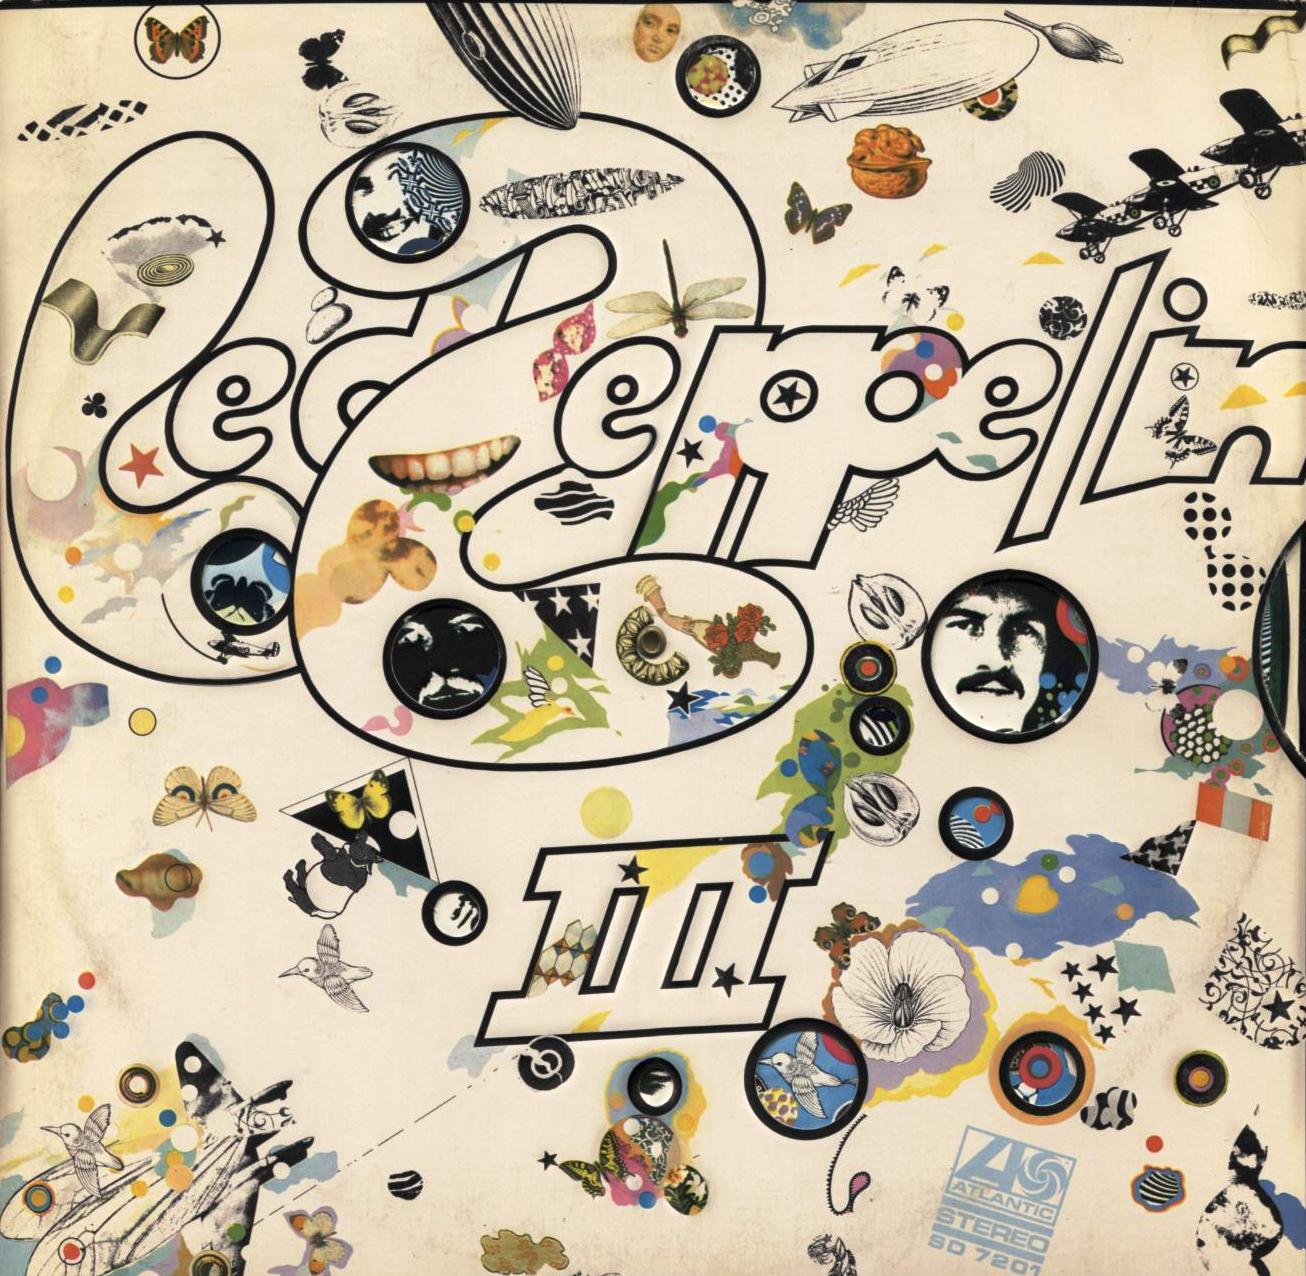 Led zeppelin iii led zeppelin. Led Zeppelin III. Led Zeppelin "III (2cd)". Led Zeppelin III - 1970. Led Zeppelin III обложка.
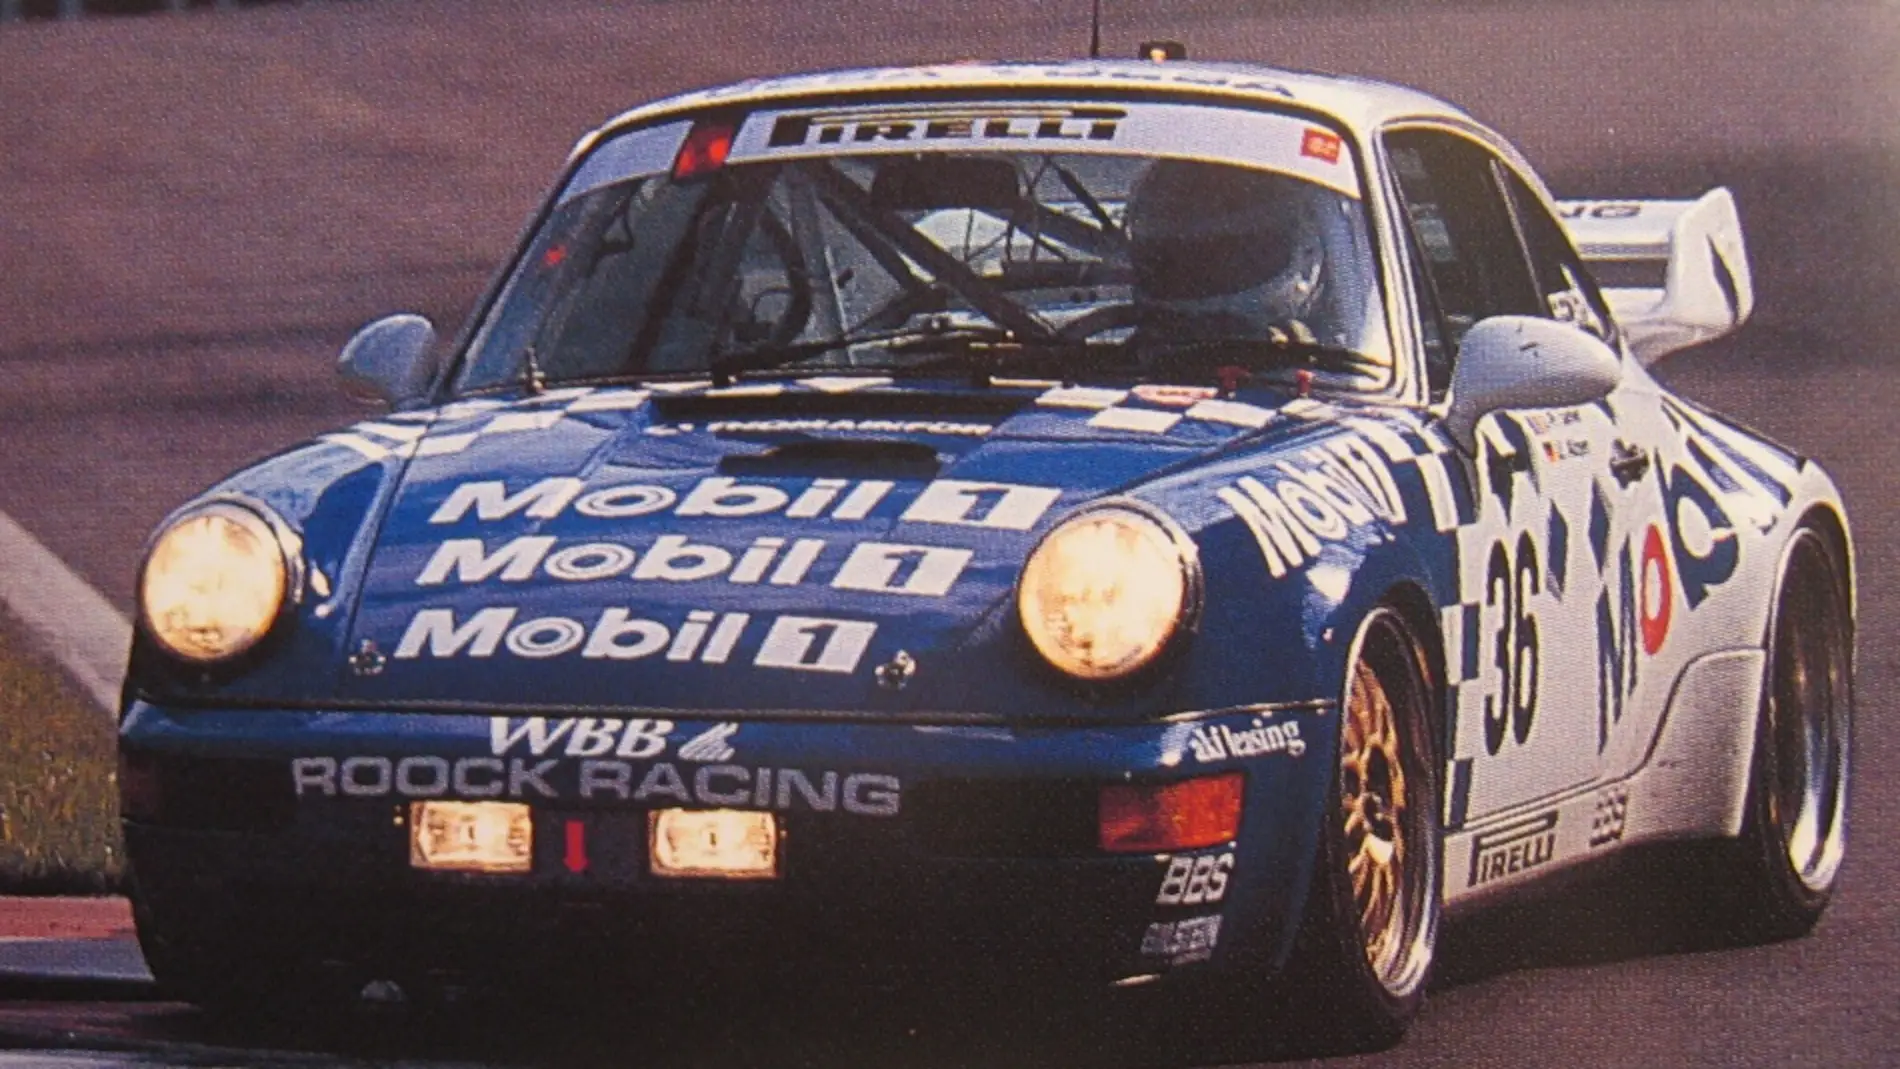 Porsche Roock Racing 1993 Spa 24h 
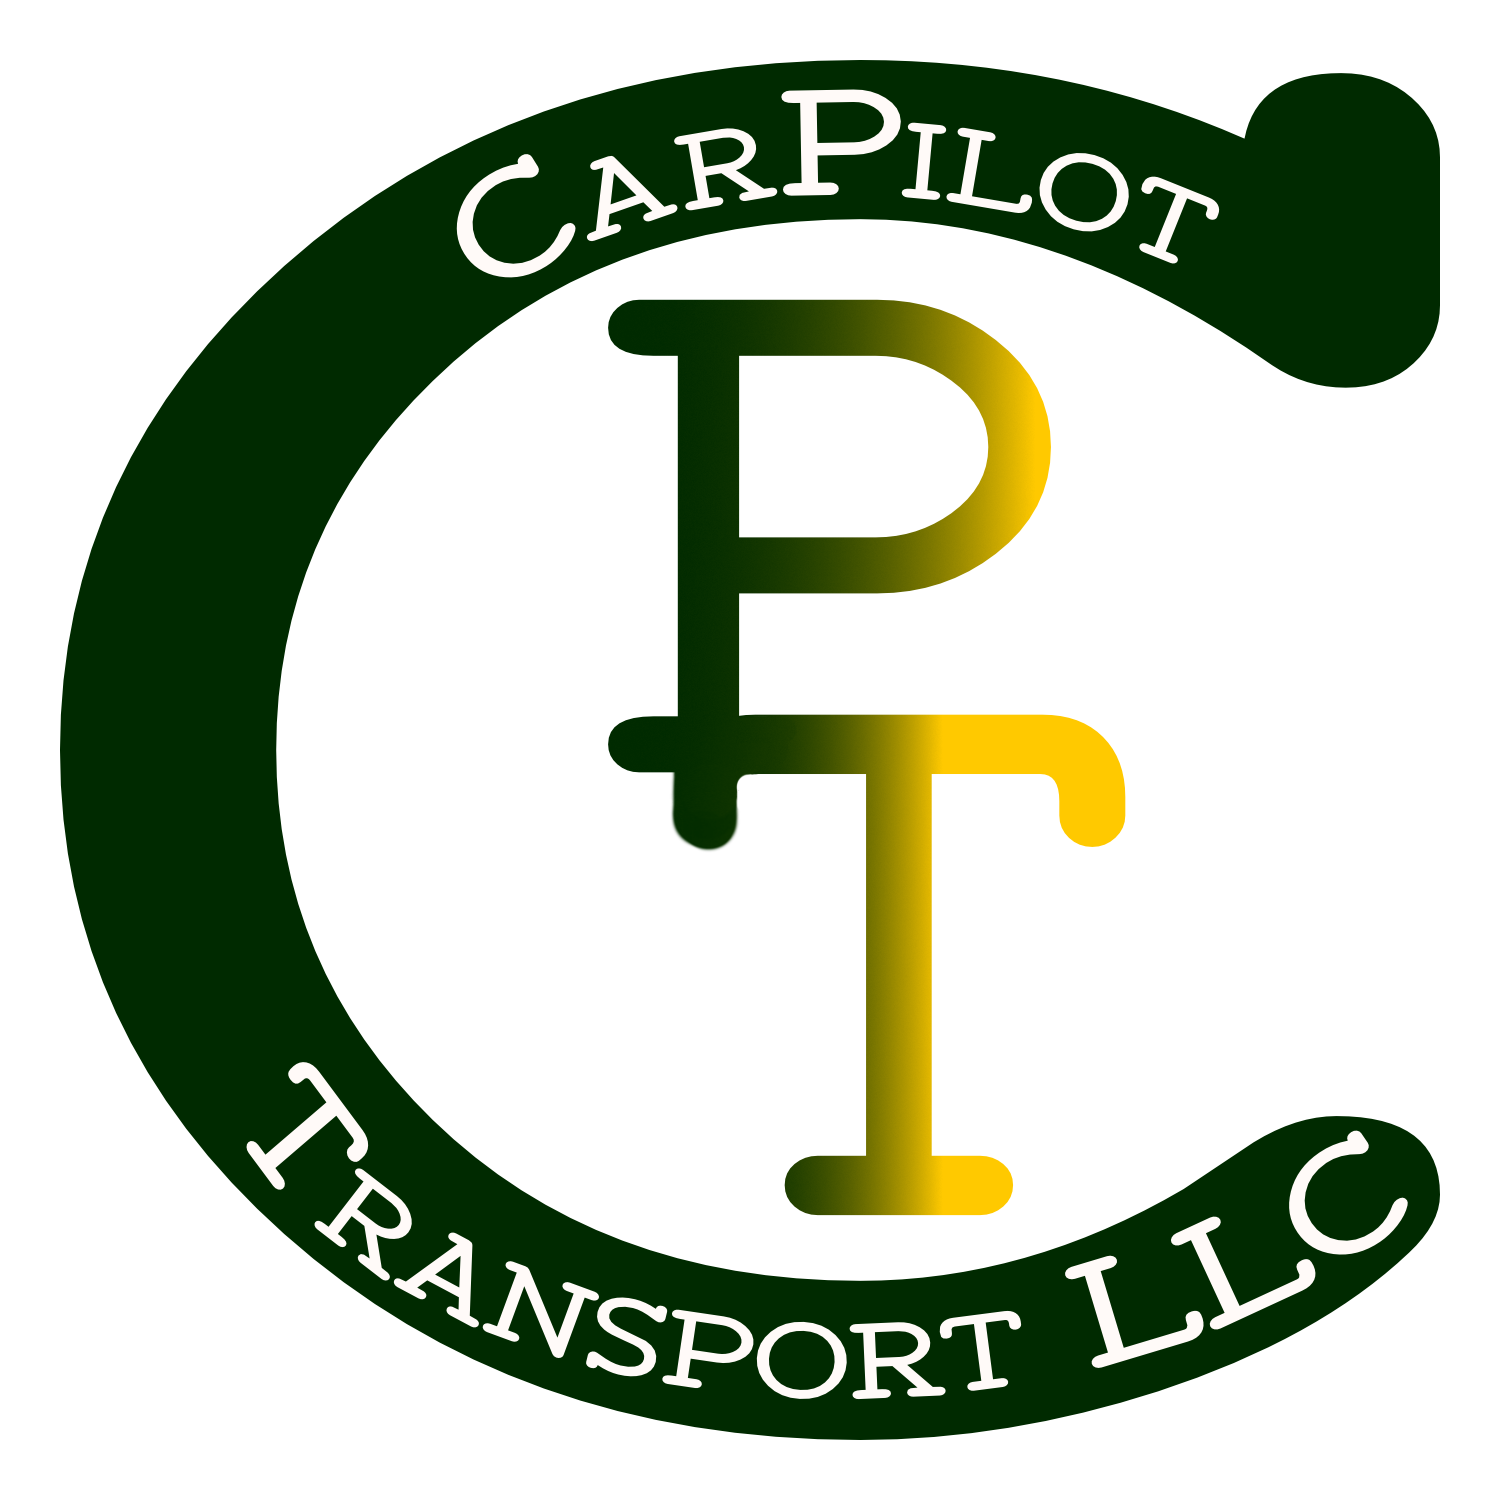 Car Pilot Transport

_____

• Problem description:
Set the material down exactly, images excluded.

• Your response:
 Led zeppelin iii led zeppelin. Led Zeppelin III. Led Zeppelin "III (2cd)". Led Zeppelin III - 1970. Led Zeppelin III обложка.
 Porsche Roock Racing 1993 Spa 24h 
 Car Pilot Transport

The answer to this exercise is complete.